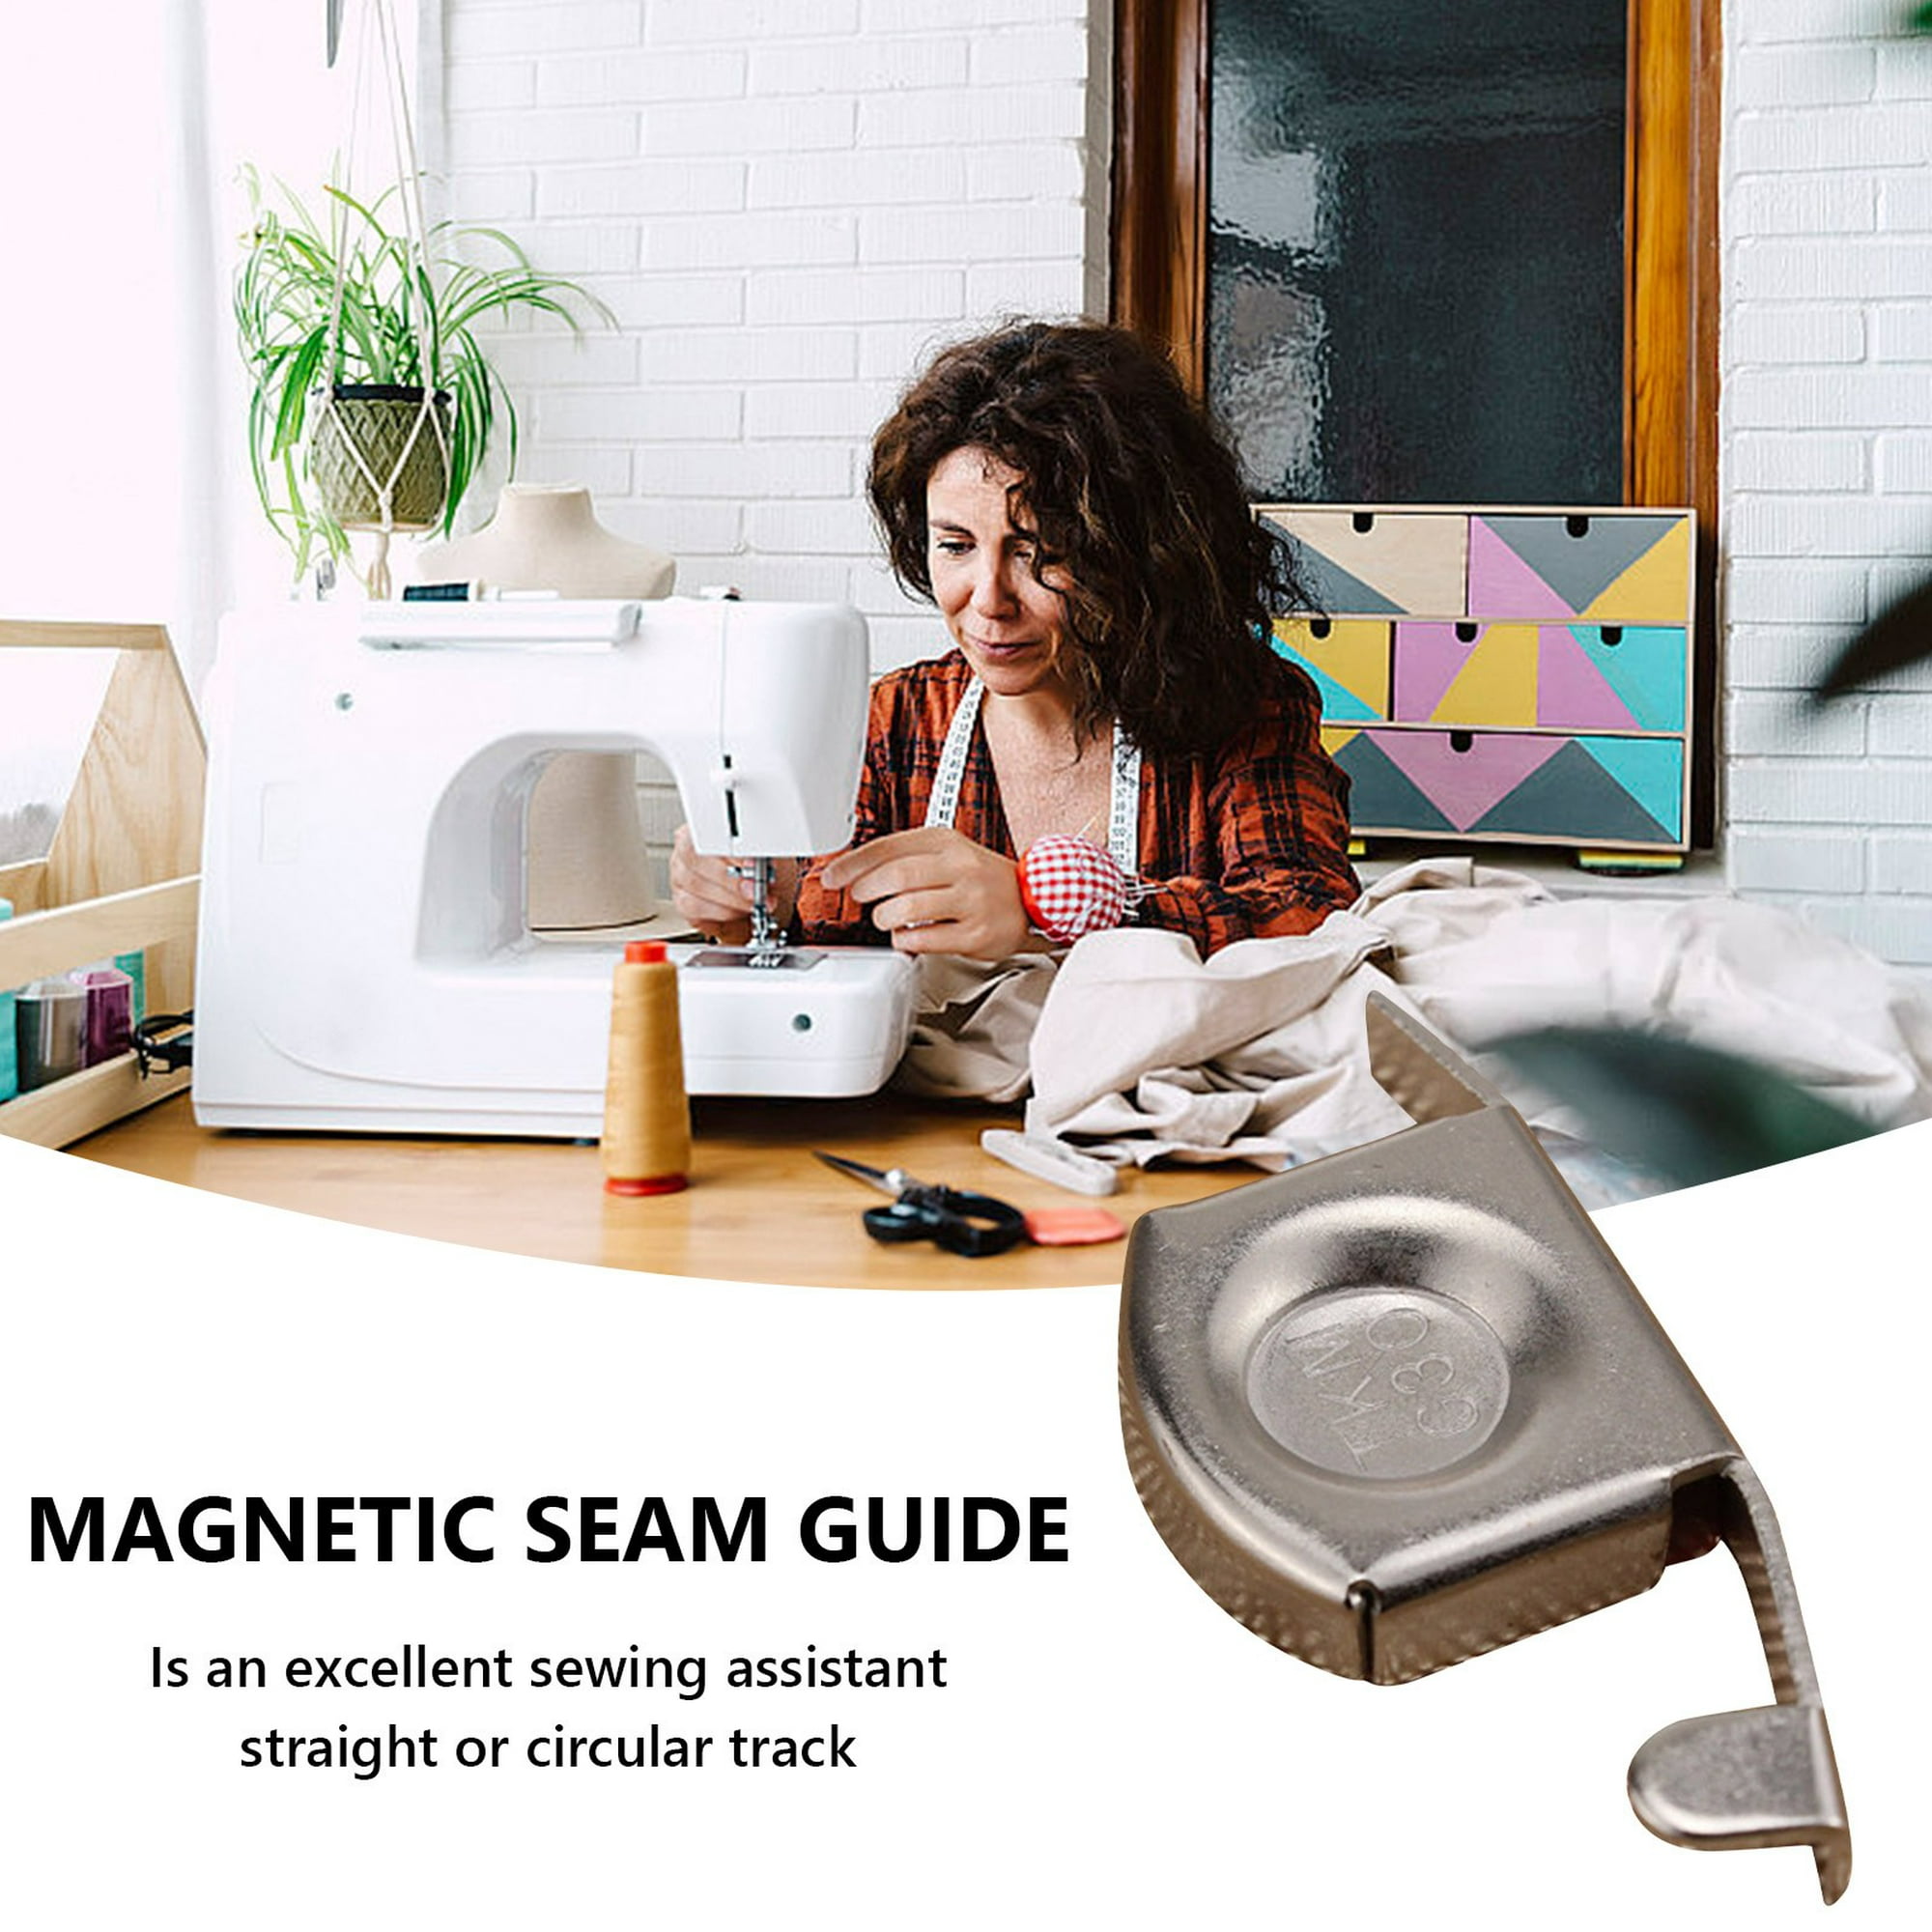 Teissuly Magnetic Seam Guide for Sewing Machine, Sewing Machine
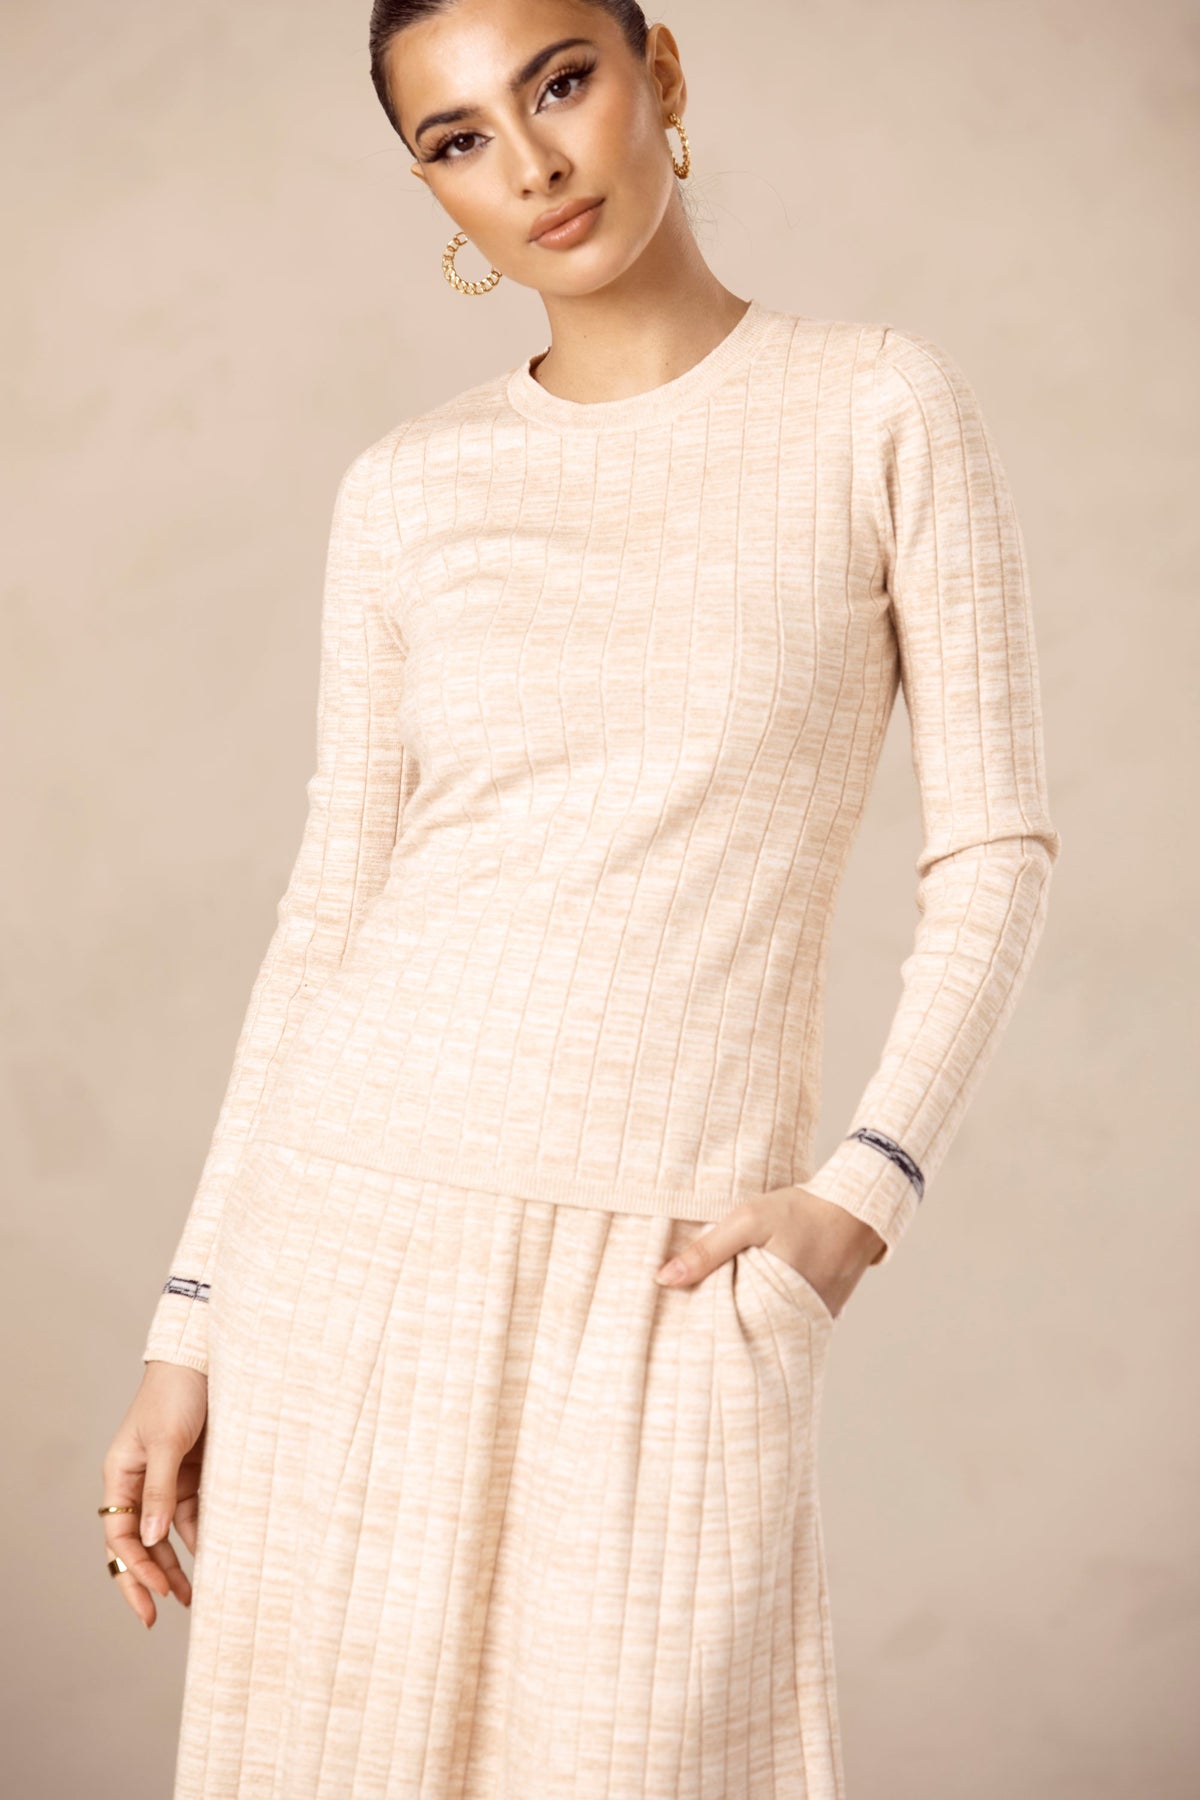 Oatmeal Knit Ribbed Top Veiled Collection 
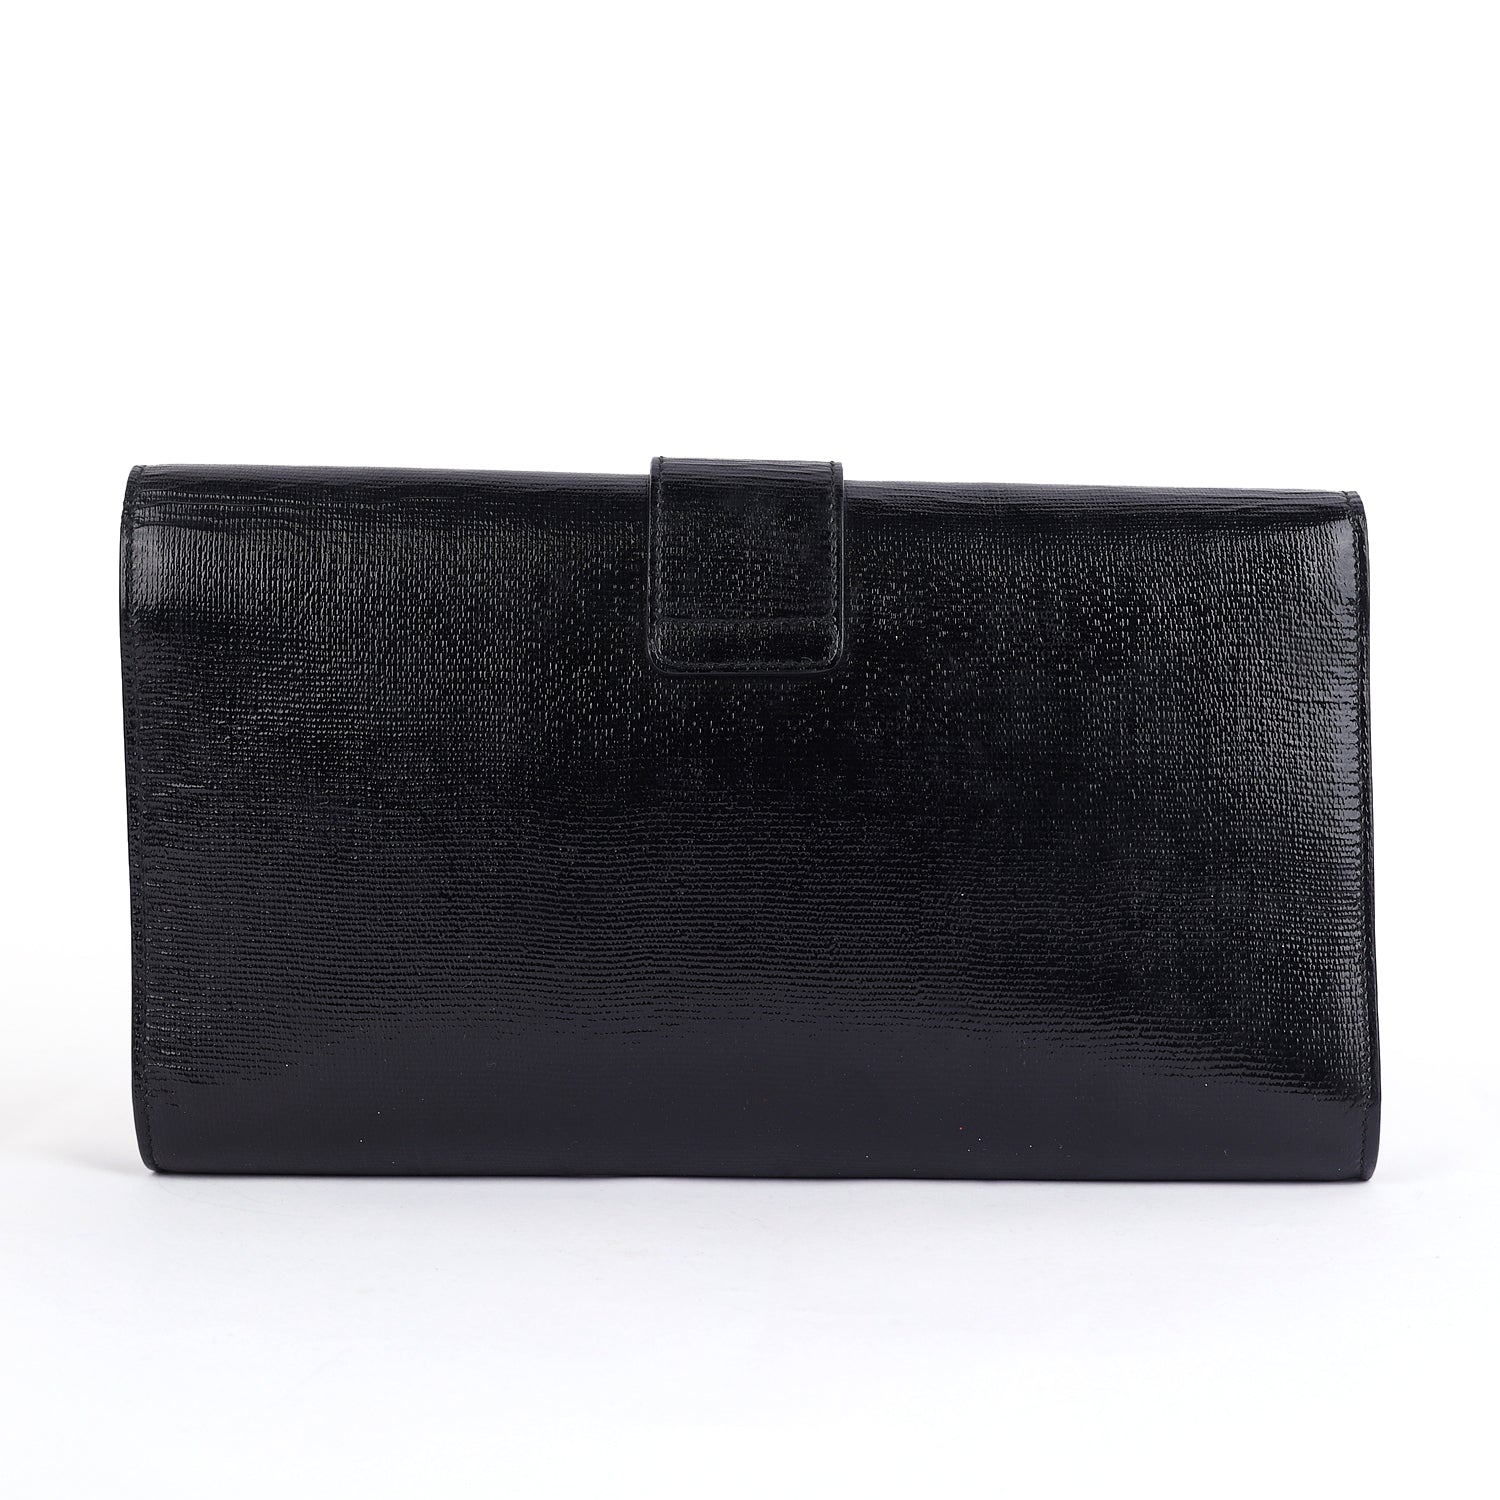 Leather Large Chic Clutch
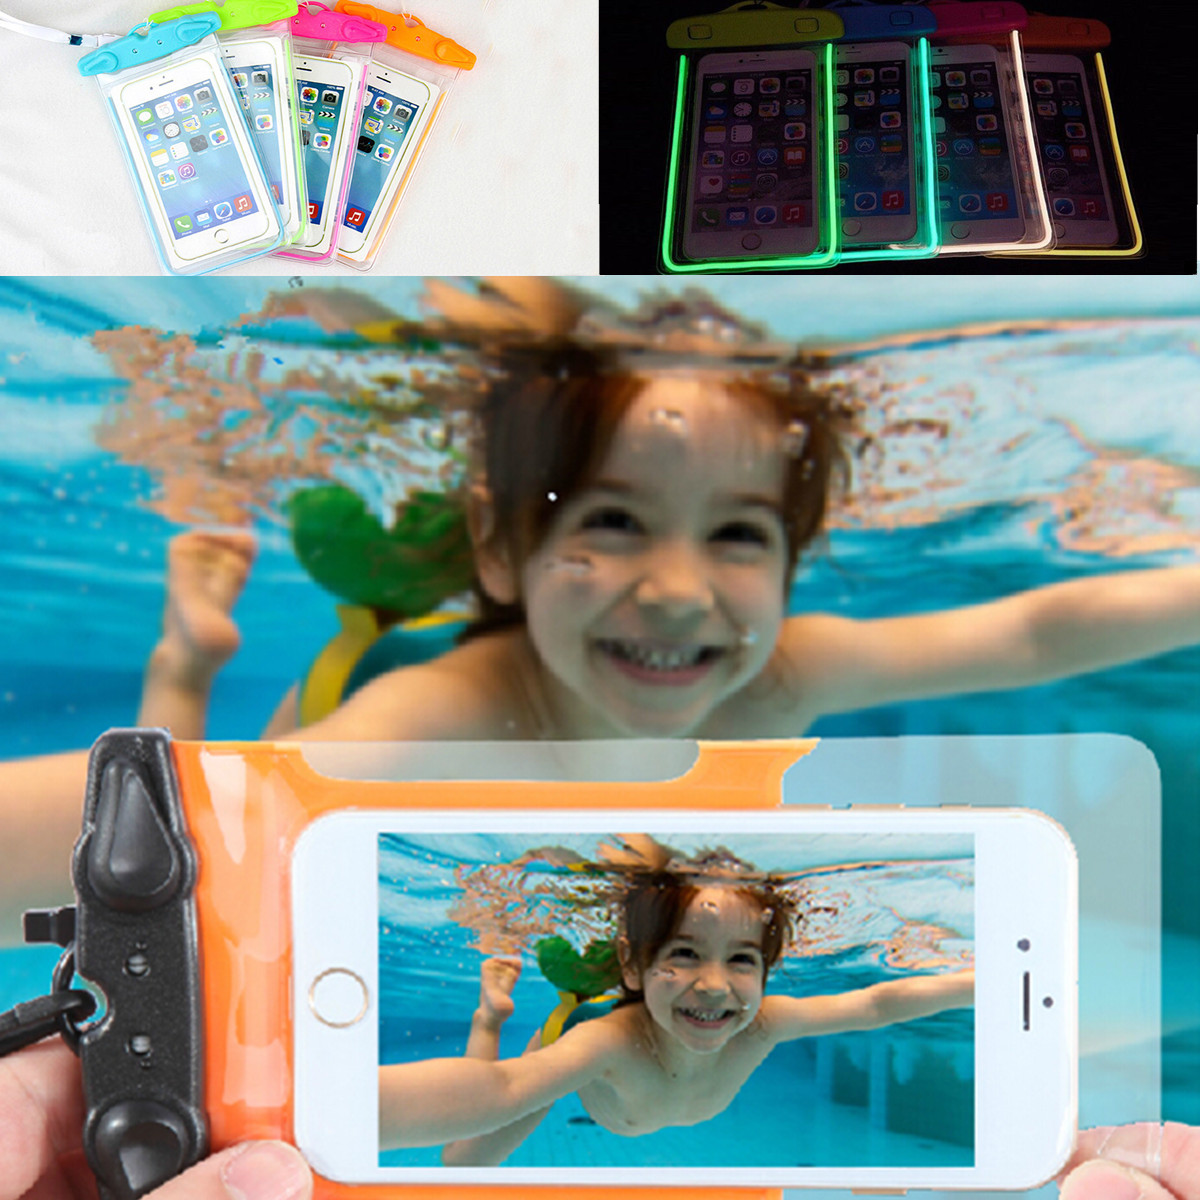 Universal-Waterproof-Fluorescent-Under-Water-Pouch-Case-Cover-For-Mobile-Phones-1003177-2

__________________________________________________

> [About this exercise]
Images in the data above are to be skipped. Retype all other material exactly.

> [Solution to the exercise]
 Teissuly Magnetic Seam Guide for Sewing Machine, Sewing Machine
 Oatmeal Knit Ribbed Top Veiled Collection 
 Leather Large Chic Clutch
 Universal-Waterproof-Fluorescent-Under-Water-Pouch-Case-Cover-For-Mobile-Phones-1003177-2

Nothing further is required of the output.